- Court: High Court, Chancery Division
- Citation: [1982] 1 WLR 495

Keywords
- Misrepresentation, exclusion clause

= Walker v Boyle =

Walker v Boyle [1982] 1 WLR 495 is an English contract law case, concerning misrepresentation, and the possibility to exclude liability for it under the Misrepresentation Act 1967 s 3.

==Facts==
Mr Walker negotiated with Mrs Boyle to purchase Stall House in Stall House Lane, Pulborough, West Sussex for £105,000. During negotiations Mr Walker sent enquiries to Mr Boyle asking,

‘Is the vendor aware of any disputes regarding the boundaries, easements, covenants or other matters relating to the property or its use?’

Mrs Boyle asked her husband who answered ‘no’. But really there had been a long running dispute with the neighbour, which Mr Boyle incorrectly thought had been settled. Condition 17(1) of the contract (which incorporated the ‘National Conditions of Sale’) said that,

‘no error, misstatement or omission in any preliminary answer concerning the property shall annul the sale’.

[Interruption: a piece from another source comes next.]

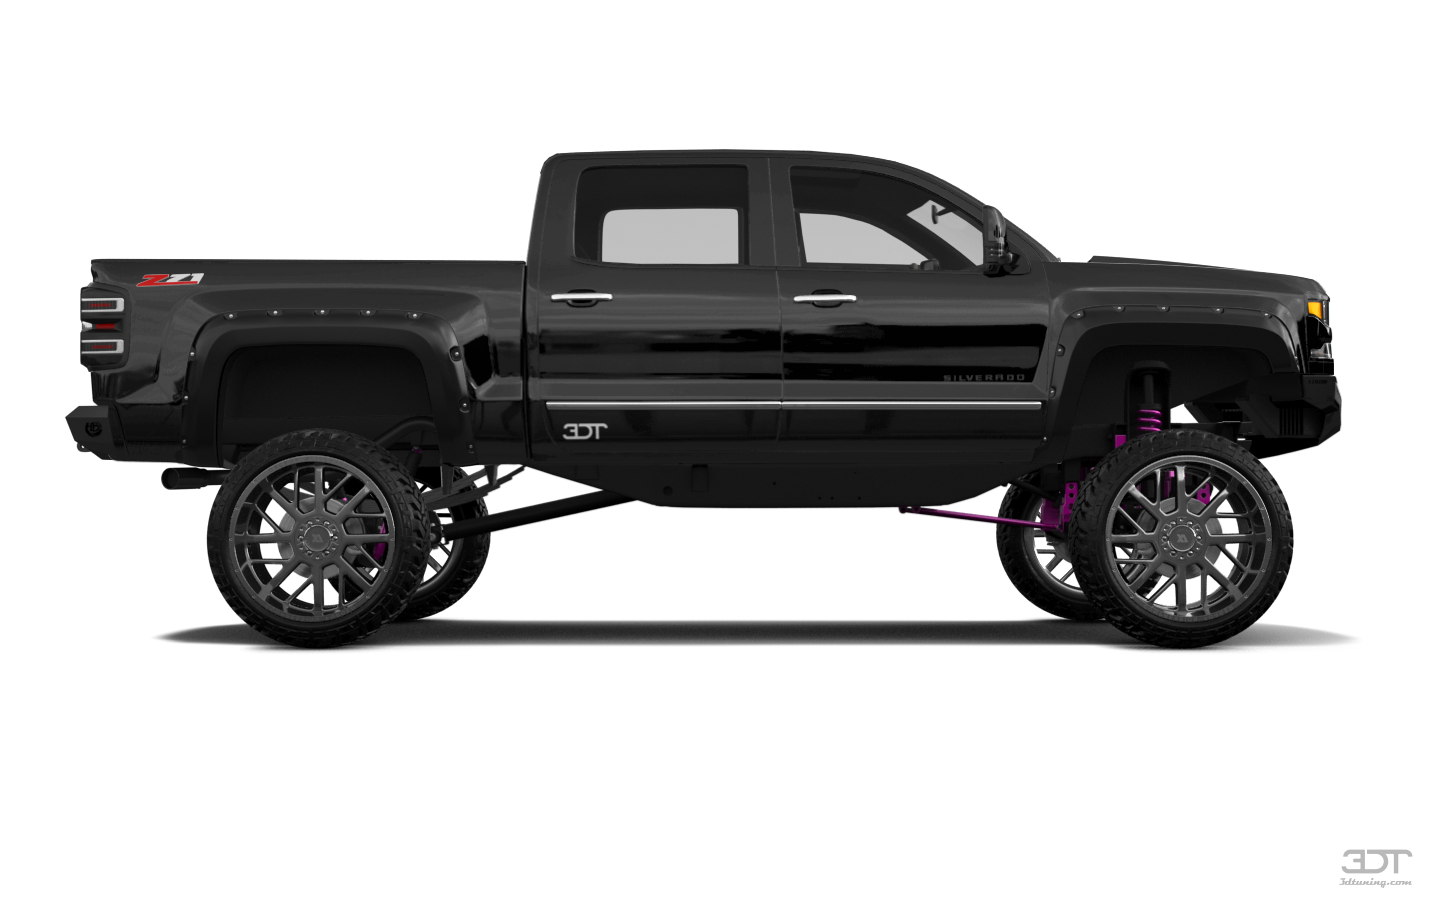 Chevrolet Silverado 1500 4 Door pickup truck 2016 tuning

Mr Walker brought an action for rescission based on misrepresentation. The question was whether Mr and Mrs Boyle could rely on the exclusion clause and whether it was reasonable under MA 1967 s 3.

==Judgment==
Dillon J held the condition fell foul of s 3 MA 1967. He held Mrs Boyle had not shown that the exclusion satisfied s 11 of the Unfair Contract Terms Act 1977 in this case. Neither party's solicitors directed their minds to condition 17, so it was not one which ‘ought reasonably to have been known to or in the contemplation of the parties’. He added that the National Conditions of Sale, though common, were not the product of negotiations between interested trade parties.